Space Exploration

Libraries’ evolving role as places for learning, making, holdings, and community

 

It’s something the Future of Libraries Task Force heard time and again, from faculty and staff, students and alumni: the critical importance of the library as a physical space. A library is a place where communities can gather, to interact with one another and with scholarly objects and tools or to retreat and think deeply. Here are some of the ways our library spaces are evolving—and may be reimagined in the future—to achieve the ambitious vision set out by the task force.

Building a vision
In December 2016, Director Chris Bourg convened a Libraries Space Planning Group. Chaired by Bourg and J. Meejin Yoon, professor and head of the Department of Architecture, the group determined that library spaces can and should be redesigned and reconfigured to suit the future needs of the campus. They put forth four essential functions that library spaces serve: holdings, learning, community, and creating. In March the group laid out a space renovation and reprogramming path for Building 14 to begin achieving the task force’s recommendations. It embraces a shift from libraries being primarily a container for knowledge used for information consumption toward being spaces that also support the creation of knowledge and community.

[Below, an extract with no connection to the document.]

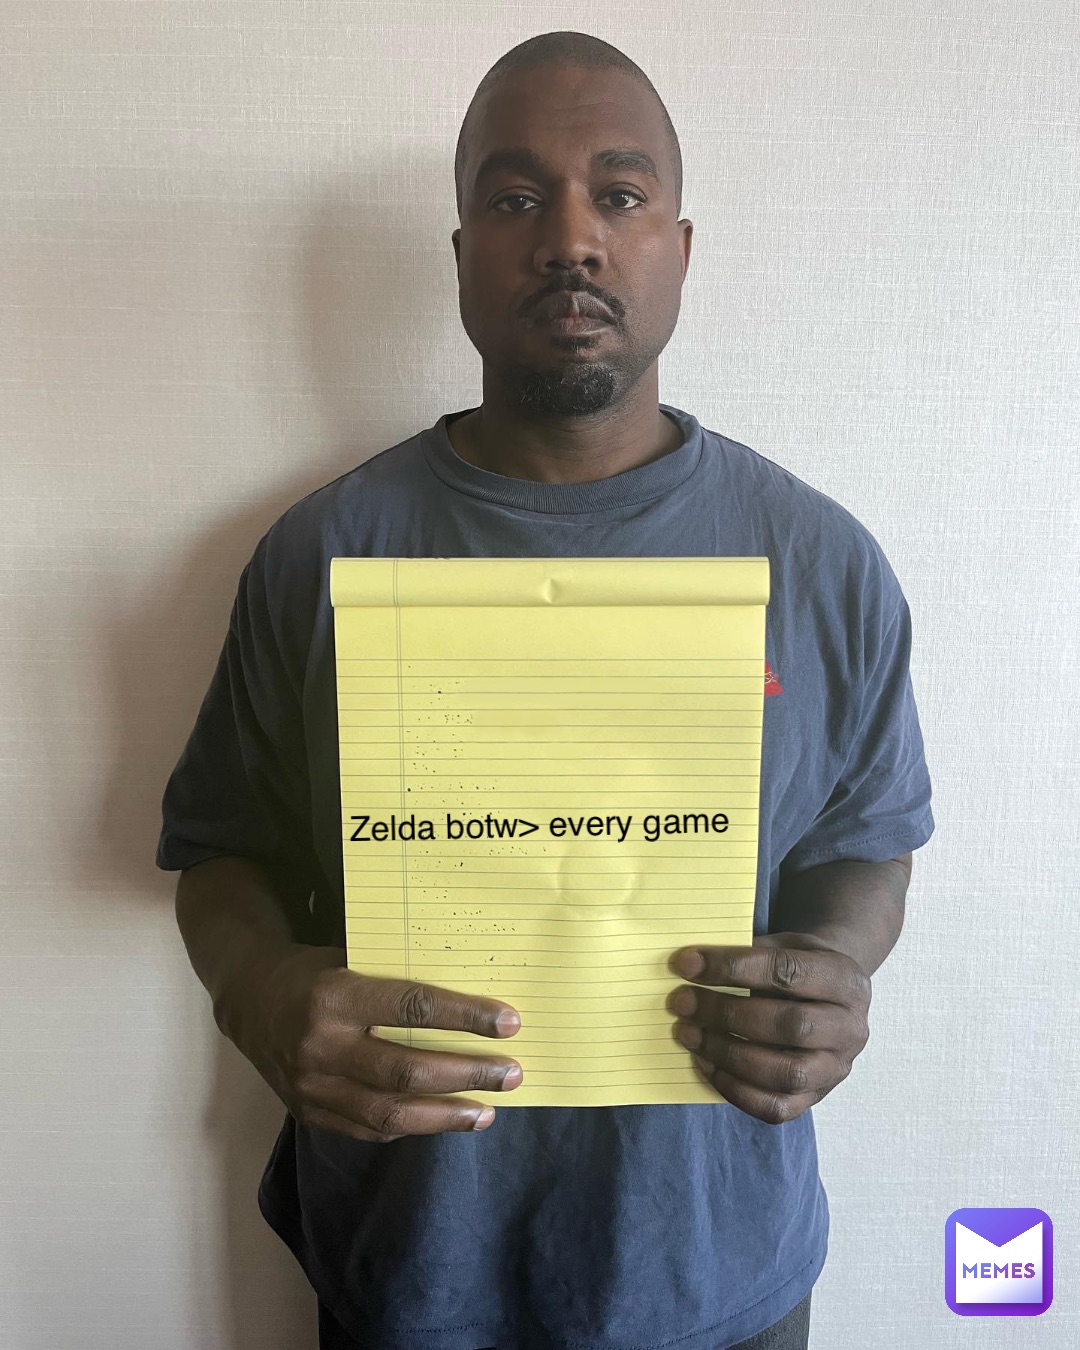 Zelda botw> every game

“The Libraries are well known as spaces for collections and where studying happens, but I think MIT is increasingly recognizing the role that libraries play in teaching and fostering scholarly community.”

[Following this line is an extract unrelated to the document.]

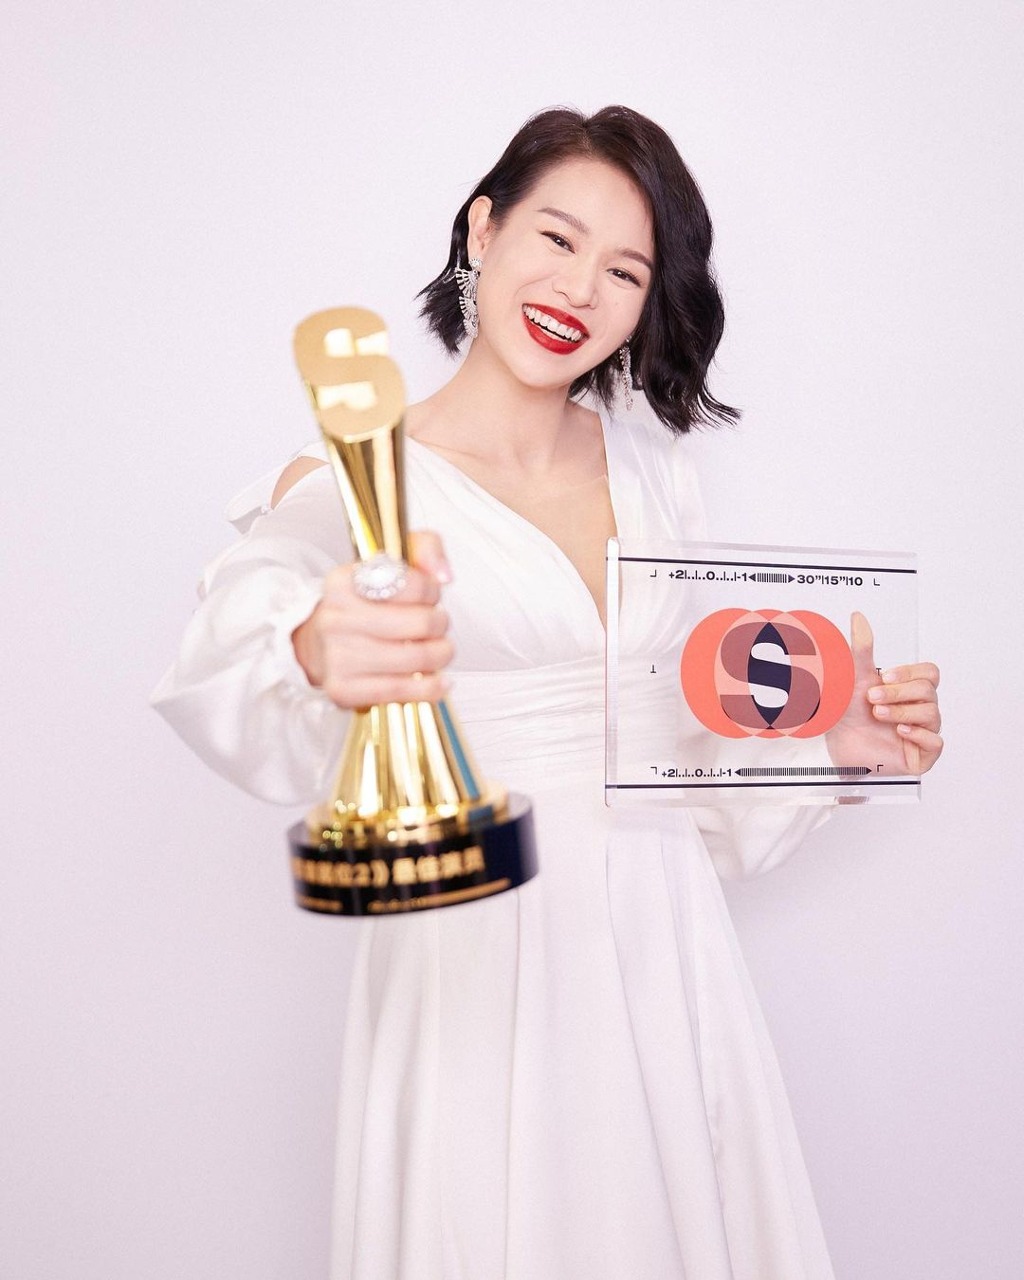 雖然肥田未能為胡杏兒奪得香港的獎項，不過胡杏兒在2011年憑劇集《萬鳳之王》封視后。其演技實力近年曾已受到國內認可。

Says Tracy Gabridge, the Libraries’ deputy director: “The MIT community also recognizes the expertise of library staff to support creating and disseminating new digital information objects, such as audio, layers of geographic data, research data sets, and more.” The group discussed, for example, how Hayden Library could be used more effectively as a place for formal and informal events that bring people together across departments and schools. The Lewis Music Library, already an essential gathering place for the MIT music community, could increase its focus on creating, particularly related to audio/visual production. A rich array of services—in GIS, open access and copyright support, research data management, digital sustainability, and research in information science— should all be made more visible to users. “As libraries, we provide a foundation upon which the MIT community can create and flourish,” says Gabridge. “We could be using our spaces better to showcase how we inspire and facilitate work.”

Study space experiments
When the Libraries rearranged Hayden Library’s collections in January, it offered an opportunity to experiment with portions of the reading rooms. Stacks were removed from the two mezzanine levels, which will be transformed into areas for reflective and collaborative work and learning. During the fall semester, the center mezzanines will be upgraded with power outlets and task lighting, soundscaping, and new furniture—suggestions gathered by sifting through past survey data and feedback gathered by the Future of Libraries Task Force. Following the experiment, Libraries staff will gather feedback from the community about how to equip the remaining mezzanines, information that will ultimately guide renovations to Hayden and other study spaces.

 

DJ turntableLewis Music Library Audio Lab
Classes at MIT increasingly require students to create audio components as part of their assignments. As usual, the Lewis Music Library is adapting to meet these evolving needs. “There has been a need on campus for an audio lab where students can compose, edit, and mix music,” says Peter Munstedt, music librarian. Working together with faculty, the library created a prototype for such a lab: a room housing two workstations with computers and audio equipment, outfitted with acoustical panels and new lighting. The library’s new audio lab will help determine faculty and student interest and plan for additional facility needs moving forward. “The audio lab is open to the whole MIT community,” says Munstedt. “There’s really no other space like it on campus.”

Additional space projects
Also underway are plans for an active learning classroom in Barker Library, a dedicated event area with flexible furniture in Hayden Library, and expanding the GIS Lab along with providing space for research data management staff in Rotch Library.